# Preparing to Propose



## Perlman00

I am planning to propose to my Japanese girlfriend and will be meeting her parents for the first time in two weeks. I would like to ask for their blessing, or even her hand the way we do in the states. Is this normal in Japan? What sort of words or phrase should I use.

I do speak Japanese quite well. I've lived in Japan (although quite a few years ago). But I've never proposed or considered it, so this is new territory for me.

Thanks in advance.


----------



## mikun

Hi,
As the Japanese parents hope their daughter's long happiness, you had better to show them how you are honest, healthy, workholic, and vow to care her all your life.


----------



## nhk9

After years of watching dramas and encountering similar situations, I would suggest that you use something like 一生掛けて（名前）を幸せにします

Goodluck!


----------



## Perlman00

Thank you. I do like the way that sounds. But telling them I will be making her happy forever isn't really the same as asking permission for her hand.
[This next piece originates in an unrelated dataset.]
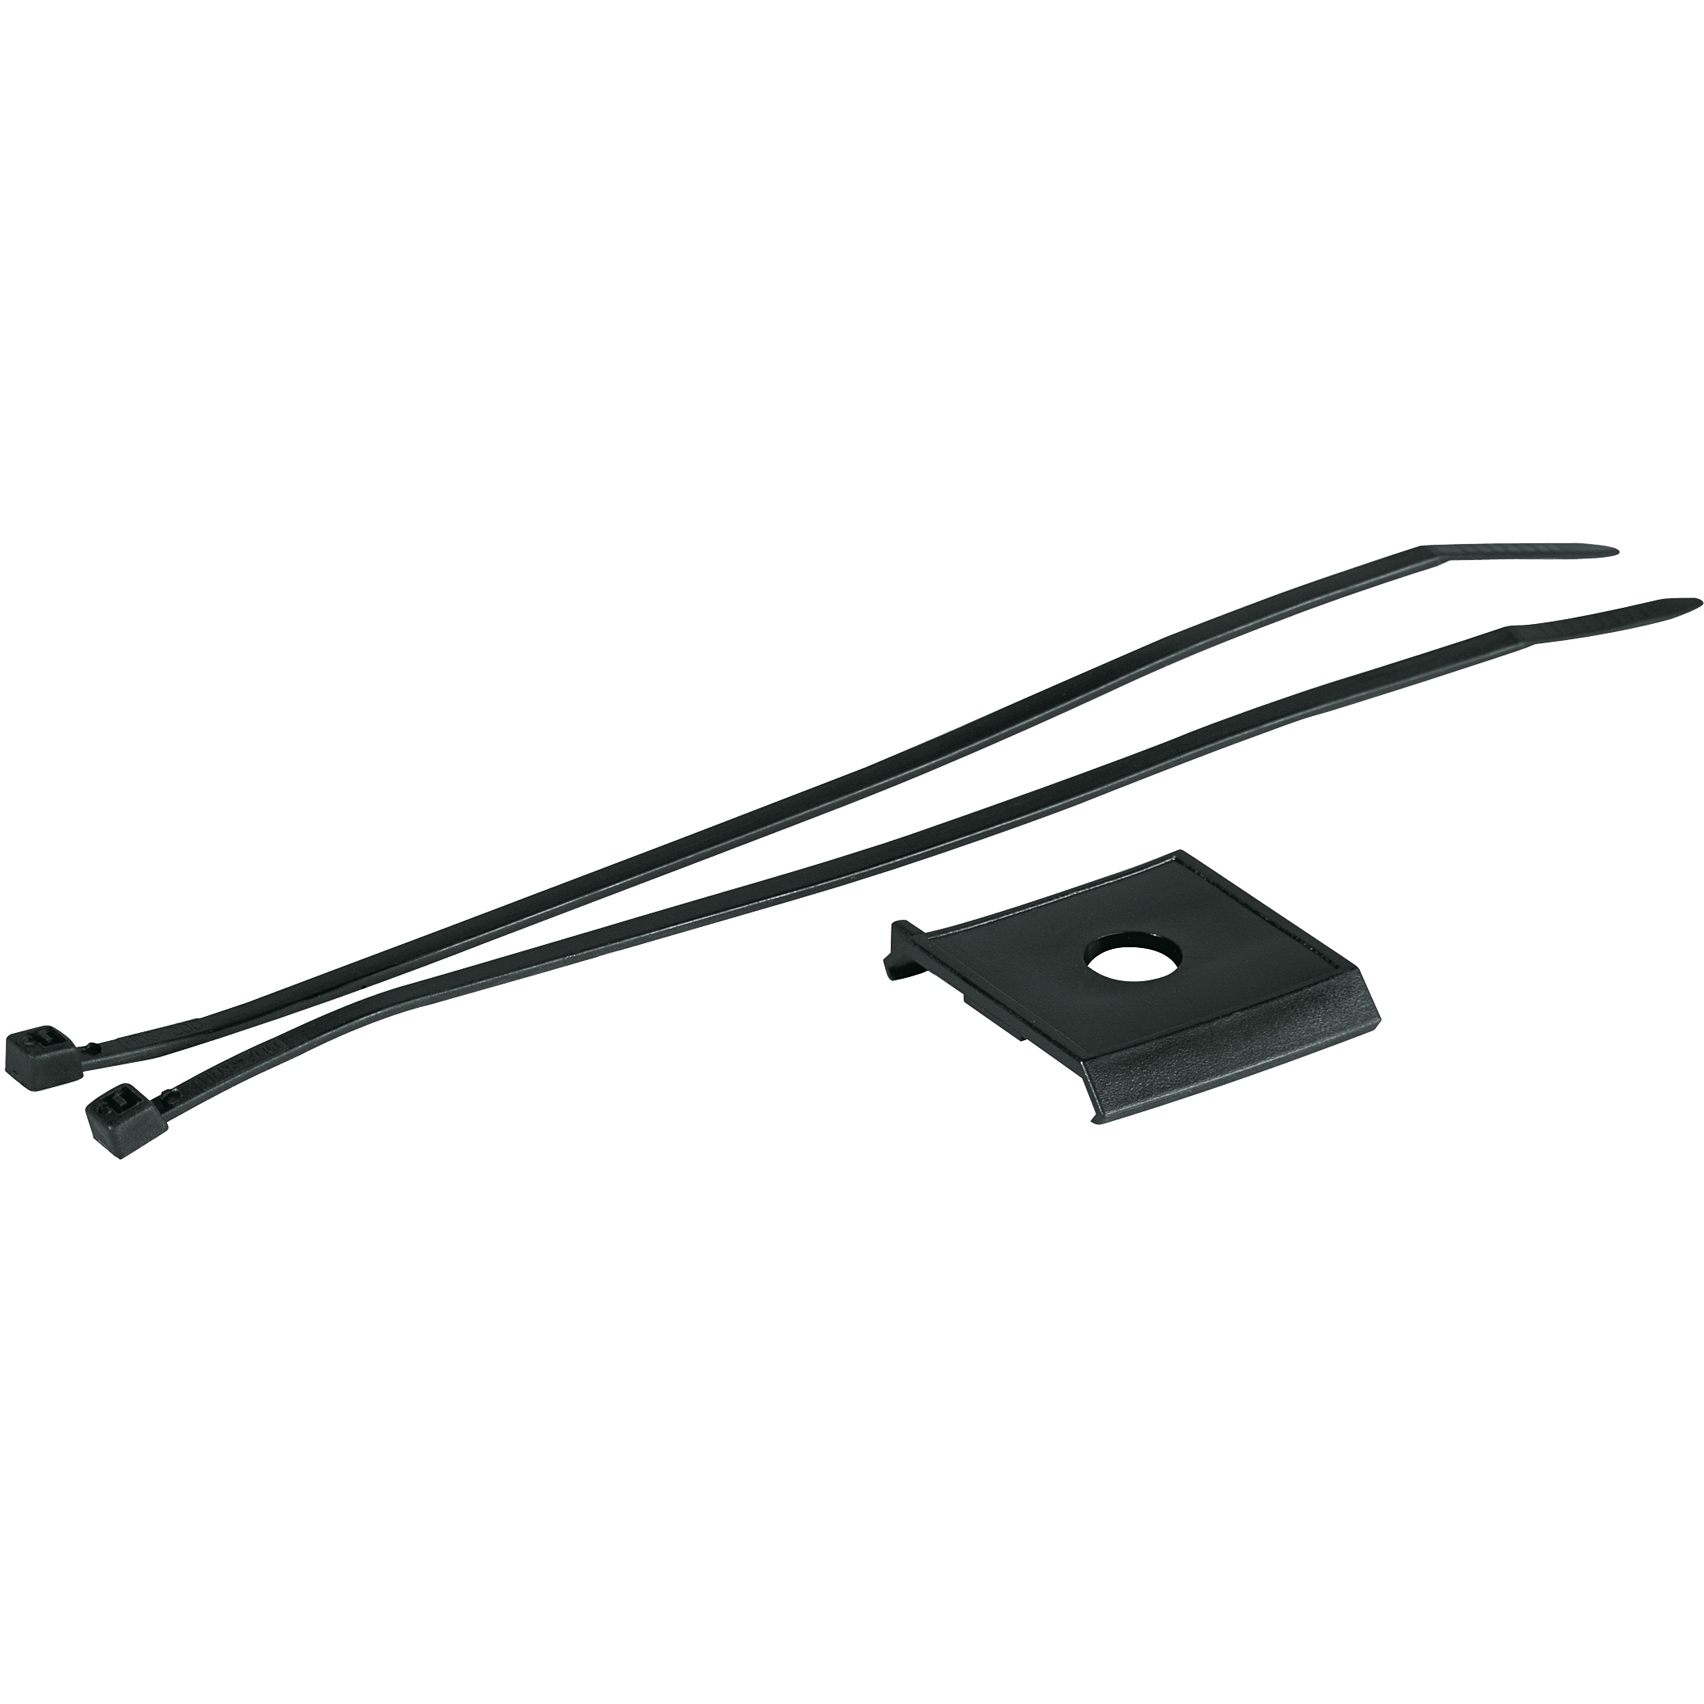 Produktbild von SKS Shockboard Adapter für Cannondale Headshock und Starrgabeln

Is this customary as it is in the US?


----------



## RomanticBoy

What about 

nameをお願いします。

You could ask her father this.


----------



## Aoyama

> What about
> 
> nameをお願いします。
> 
> You could ask her father this.


 not really, unless you consider that lady as a piece of cake or a candy ... and by that will probably jeopardize your future with her ...
It is indeed difficult to answer that question, mainly because :
. you are a foreigner and cannot be expected to _behave_ and _speak_ (in that particular case) _as a Japanese_
. choice of words (as you very well know) can be very tricky in Japanese

I would be simple and do it the _Western way_ (though no guns) :
XX san (or _Musume to_) _kekkon sasete kudasai , onegaishimasu_.
You may also add : 





> 一生掛けて（名前/kanojo/musume）を幸せにします


you may even go further and say ... _wo chikaimasu_ (I swear).
But simplicity is the best.


----------



## RomanticBoy

I only suggested it because, although my memory may be faulty (it was a long time ago), that was the form of words I remember being told to use with my prospective father in law. Mind you, he was the sort who only knew the words meshi, shinbum and ofuro!


----------



## Perlman00

Thanks.

I've given it some more thought today because I will be meeting the parents this Saturday.

I know there is going to be a lot more to our dinner conversation and the marriage topic. I am quite comfortable in most Japanese conversations, but this one makes me a bit nervous, of course.

I think I will use this, "一生掛けて娘さんを幸せにします."

On the question of her father's blessing for marriage, would either of these be acceptable, or might one be better than the other?

お父さん、 娘さんと結婚させてください.

or

お父さんと、呼んでも良いですか？


----------



## Aoyama

お父さん、 娘さんと結婚させてください.
or
お父さんと、呼んでも良いですか？ 
As I'm sure you already know, these are two different things.
First of all, I would drop the お父さん part for a _later time _(once your proposal has been accepted), so that will also work for the whole お父さんと、呼んでも良いですか as well.
娘さんと結婚させてください is enough. Remains how you will call your future father-in-law (in that particular moment). Maybe just call him by his family name (just this once) : xxさん, 娘(さん)と結婚させてください. You could add, at the beginning : "yoroshi kereba" ...


----------



## Perlman00

I appreciate the feedback.

It feels a bit strange calling my girlfriend's father 武井さん. I thought if I were to ask お父さんと、呼んでも良いですか？, it would be a round-about way of bringing up the marriage discussion and getting around having to start with 武井さん. Then again, asking if I may call him お父さんと would kind of be a "soft" way of asking for his permission to marry his daughter too, right?

I may be over-thinking this. I guess I'm a little nervous.


----------



## nhk9

only say the following if you are 99percent sure that everything's gonna be ok:

お父さんと呼んでもよろしいでしょうか

while よいですか is grammatically acceptable, it's not suitable in this context as it would be too blunt for someone who's of higher social status than you.



If you are not sure about his response or his thoughts about you, just don't use お父さん.  You risk being seen as impudent.

For his daughter, you can use 令嬢（れいじょう）if you want to.


----------



## nhk9

Just make sure you are not seen as cheeky.  Have some sincerity when asking for his girl.  Ask directly and politely.  Don't leave things to chance or the unsaid.

A deep bow with a dogeza should work.


----------



## Aoyama

> It feels a bit strange calling my girlfriend's father 武井さん


right. I was not thinking about family name but about first name.
That may also sound a wee bit strange (or unusual, by Japanese standards) BUT you would be allowed this "unusualness". A bit like with the Americans "call me Joe" ...
My point here is that you are _not required_ to behave like a Japanese. You may speak Japanese well, know the _mores_ etc, but you are not Japanese.
Don't overdo it.


----------